The manager node 20 can also transmit an operation command request 220 including at least one instruction to the execution node 10 to instruct the execution node 10 to execute a specific action to a function or a session. This operation command request 220 can be based upon the current status of the execution nodes 10. The Node ID is included in the request. Each specific instruction will include its own message specific information. The manager node 20 can obtain specific information from a specified execution node (e.g. 10) using a “GET” command In addition to the Node ID, the GET command includes at least a Function ID, and list of options. The Function ID is the identifier corresponding to the function which the desired specific information pertains to. The list of options corresponds to the requested information.

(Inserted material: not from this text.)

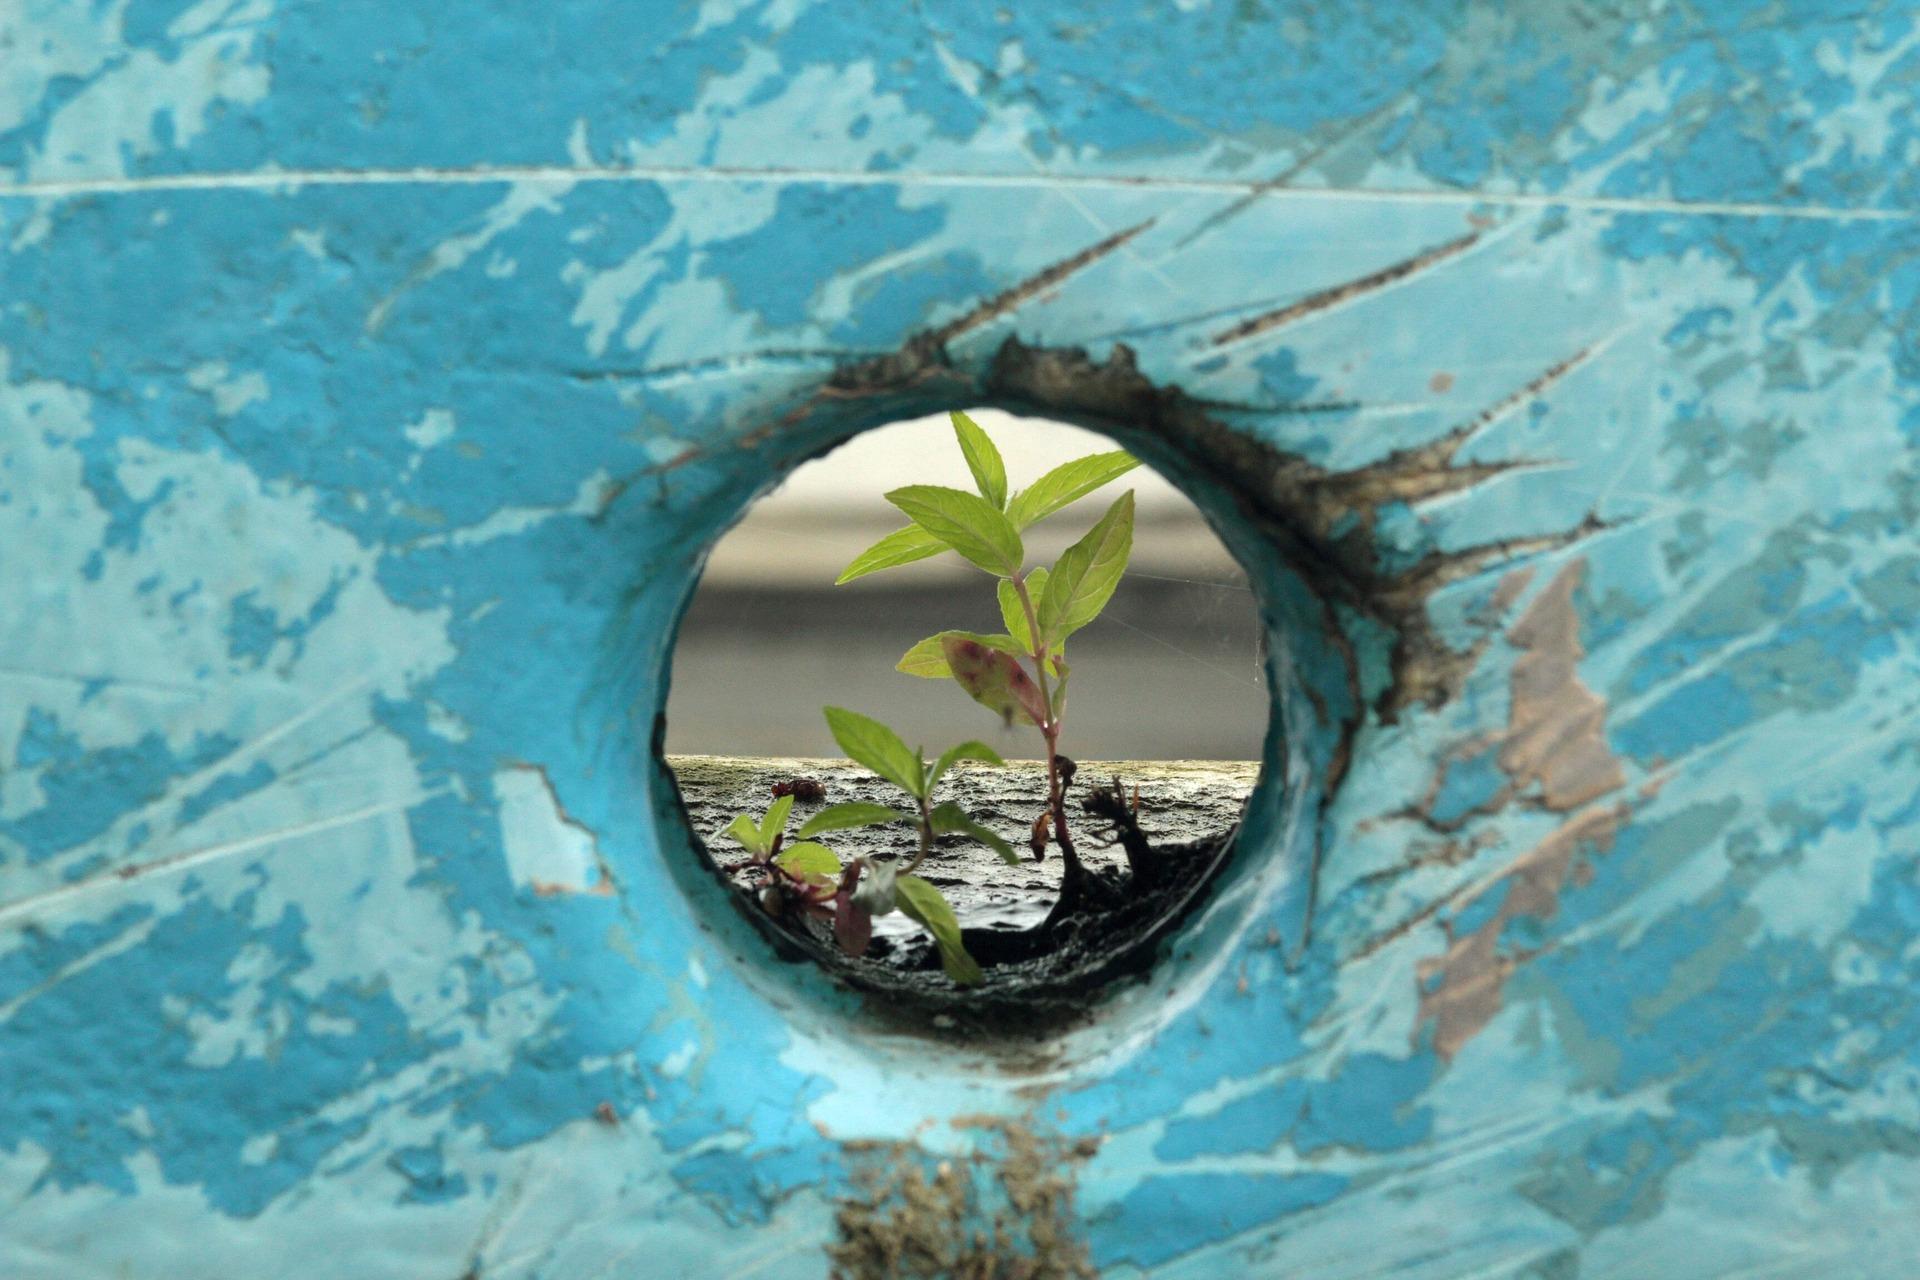 Costruire la propria resilienza: riorganizzarsi positivamente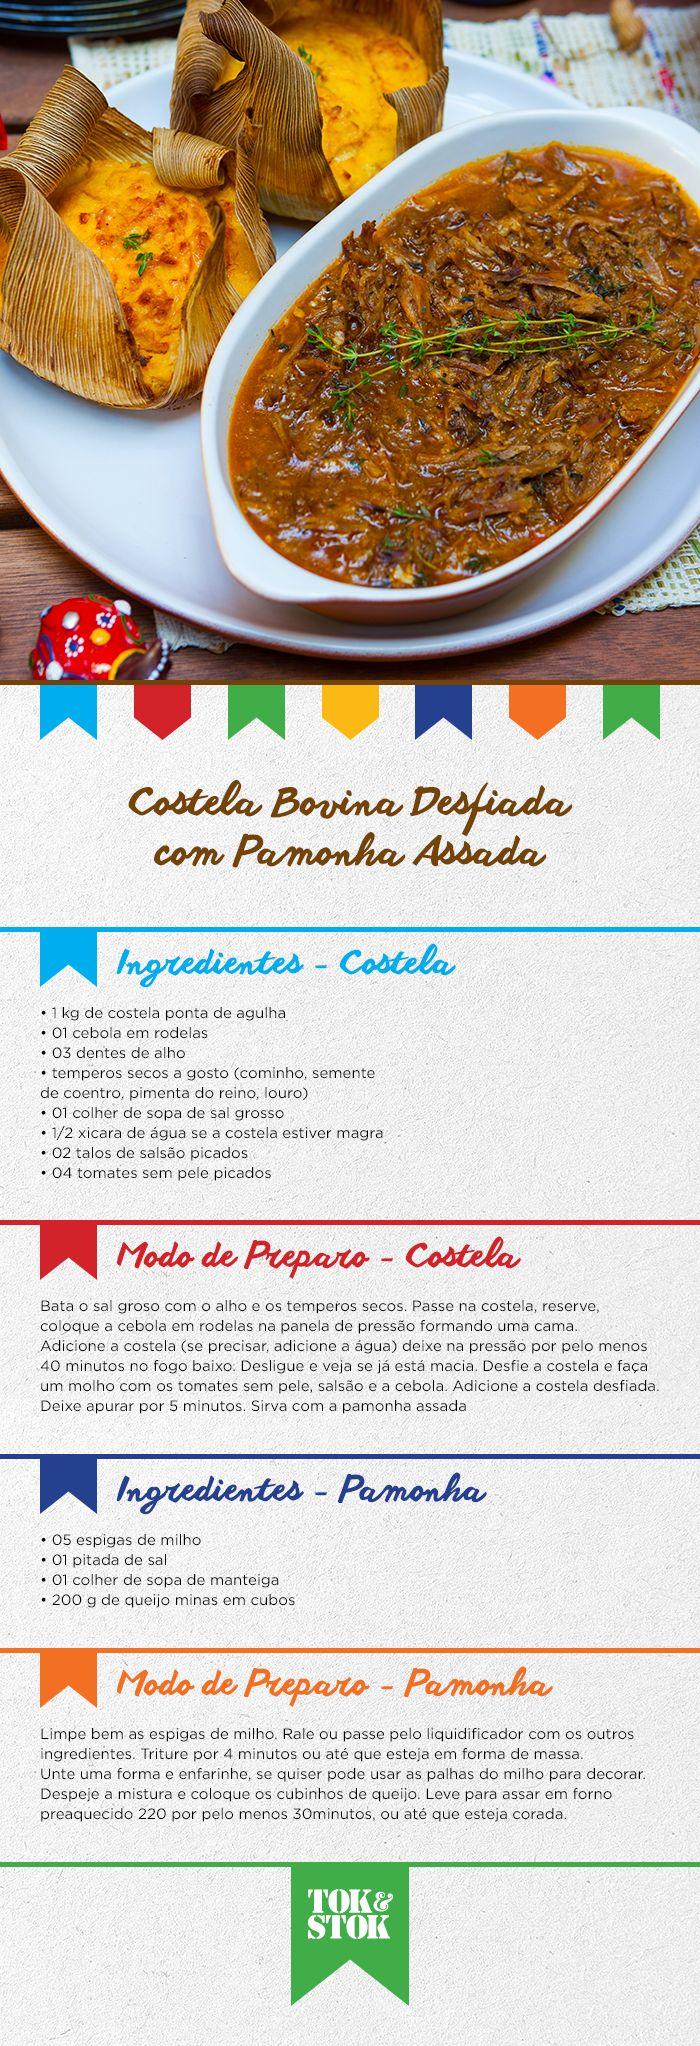 O prato do dia: Costela Bovina Desfiada com Pamonha assada. Servidos? #SãoJoão #FestaDasCores | Receita do restaurante Arimbá http://www.arimbarestaurante.com.br/

The manager node 20 can add a function to the execution node 10 using an “ADD” command. In addition to the Node ID, the ADD command includes at least Function Name, and Function ID. The Function name and Function ID corresponds to the added function. When the new function successfully boots up, the execution node 10 sends operation command response 225 to the manager node 20. The ADD command can activate a pre-installed functionality. Additionally, the ADD command can be used in conjunction with added capabilities to the execution node 10 where a new functionality is downloaded to the execution node 10. The new functionality can be downloaded from the manager node 20.
Similarly, the manager node 20 can delete a function on a specified execution node (e.g. 102) which causes the execution node 10 to terminate a running function using a “DELETE” command. In addition to the Node ID, the DELETE command includes the Function ID. When the termination is completed, the execution node 10 (e.g. 102) sends operation command response 225 to the manager node 20.
The manager node 20 can move a function on a specified execution node to another execution node 10 using a “MOVE_FUNCTION” command. Effectively, the MOVE_FUNCTION command acts as a combination of an ADD command and a DELETE command. The function is added to a new execution node 10 (e.g. 101). Nearly simultaneously the same function is deleted from the specified execution node (e.g. 102). The MOVE_FUNCTION command includes the source Node ID (i.e., specified execution node), the destination Node ID (i.e., the new execution node) and the Function ID. The specified execution node transmits the status information corresponding to the related function to the new execution node. Alternatively, the manager node 20 can transmit the status information to the new execution node.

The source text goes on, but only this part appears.